The Defacto System: Training Tool for Incident Commanders
Title: The Defacto System: Training Tool for Incident Commanders
Author: Nathan, Schurr, Janusz Marecki, J.P. Lewis, Milind Tambe and Paul Scerri
Date: April 19, 2005
Institution: Center for Risk and Economic Analysis of Terrorism Events, University of Southern California
Bibliographic Entry: Schurr, Nathan, et al. “The Defacto System: Training Tool for Incident Commanders.” Center for Risk and Economic Analysis of Terrorism Events, University of Southern California. 19 Apr 2005. http://www.usc.edu/dept/create/assets/001/50769.pdf
Electronic Link: http://www.usc.edu/dept/create/assets/001/50769.pdf
Key Words: training tool, simulation, intelligent agents, incident commanders, first responders
Summary of Key Issues, Points, Conclusions:
Recognizing the criticality of training and tactics evaluation for incident commanders, this team of researchers from the University of Southern California and Carnegie Mellon University undertook a project to build an operational, prototype -training tool for use by incident commanders.

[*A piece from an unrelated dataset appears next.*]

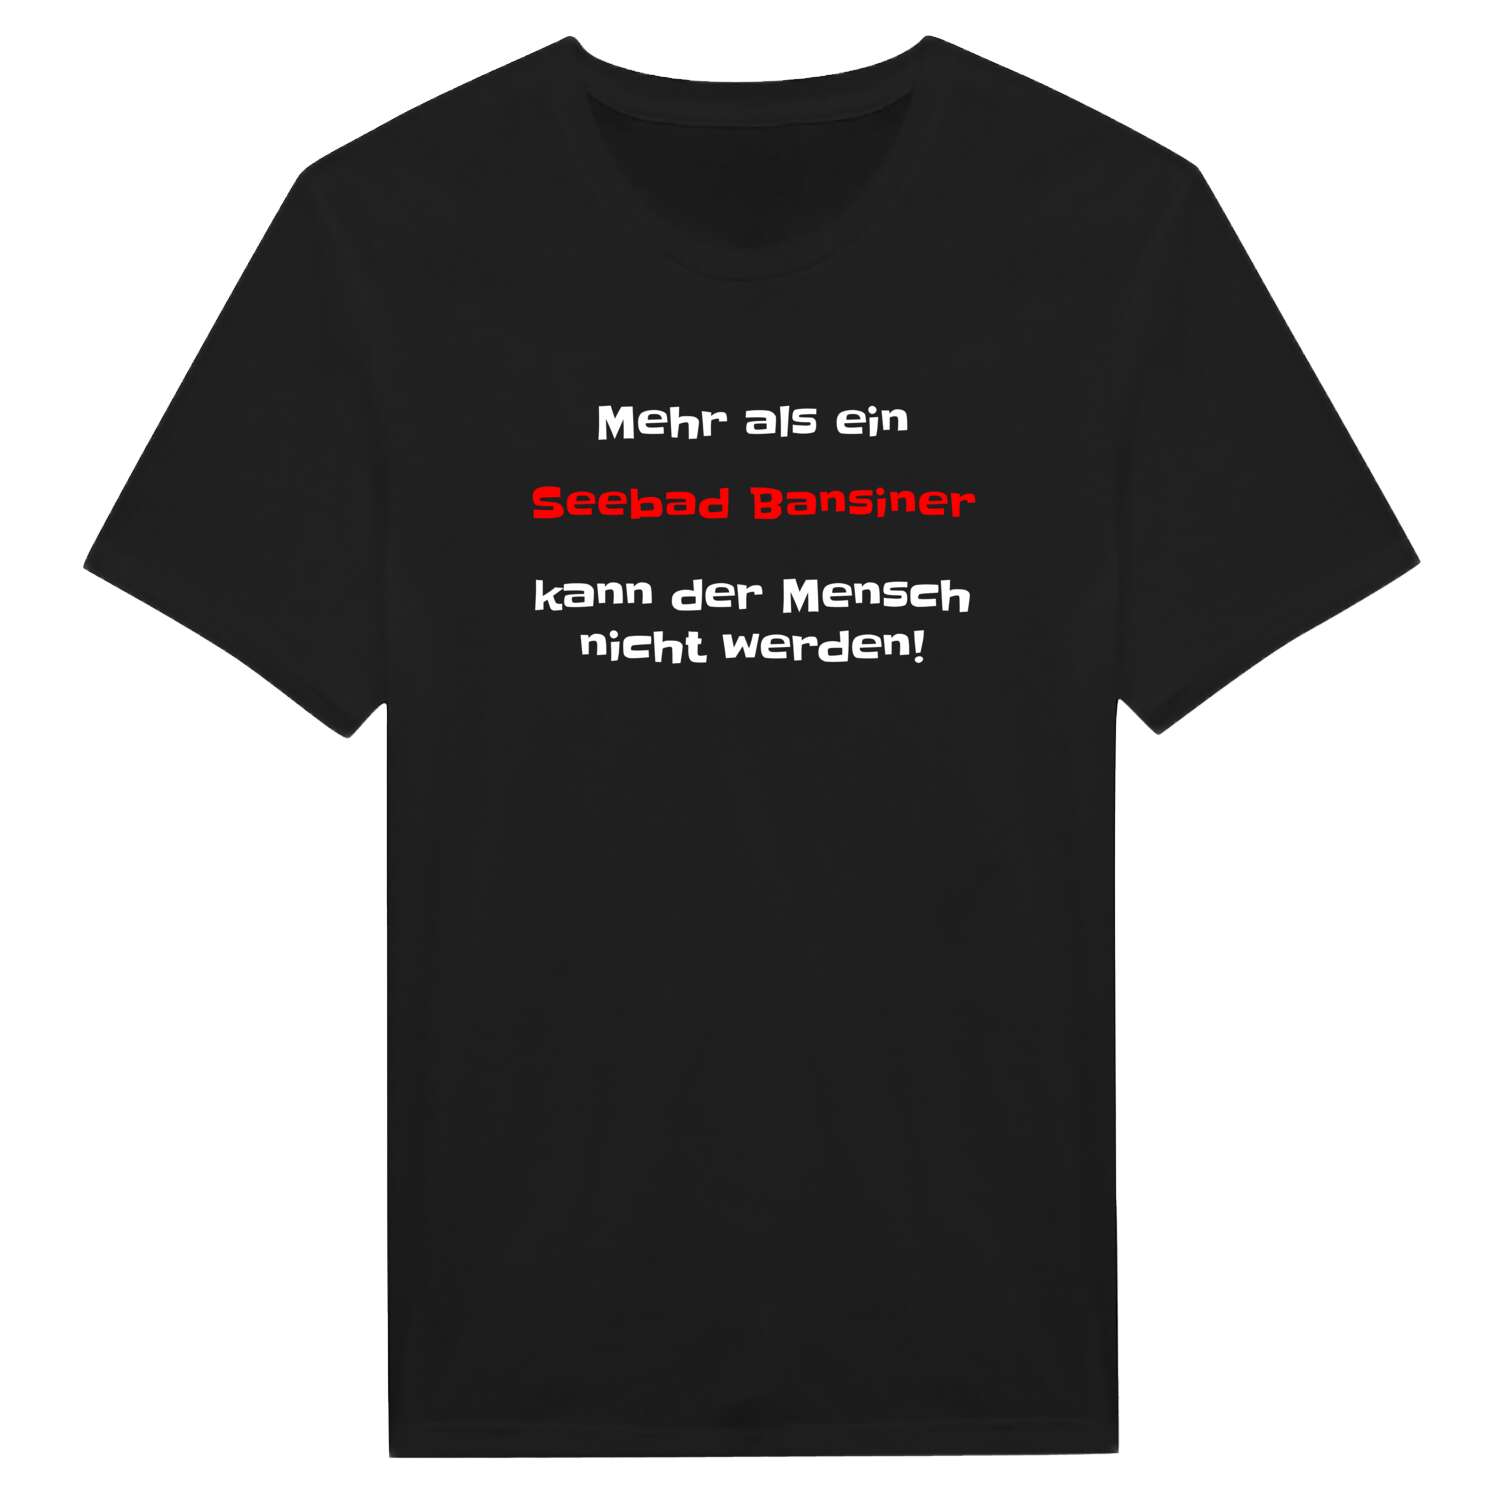 Seebad Bansin T-Shirt »Mehr als ein«

The system is labeled DEFACTO (Demonstrating Effective Flexible Agent Coordination of Teams through Omnipresence) and combines artificial intelligence, 3D visualization and human-interaction reasoning. The ability to fully simulate first responder tactics, decisions, and behaviors in simulated urban areas permits the incident commander to interact. This assists developers of coordination technology to identify key problems for real-world deployment of intelligent agents, which could manage some elements of coordination during future disaster response.
The report provides details on system construction, underlying technologies, experiments and evaluations (some with fire fighters in the Los Angeles area), and comparisons to previous agent software prototypes and research. The research team concludes the DEFACTO system has value as an emergency response-training tool.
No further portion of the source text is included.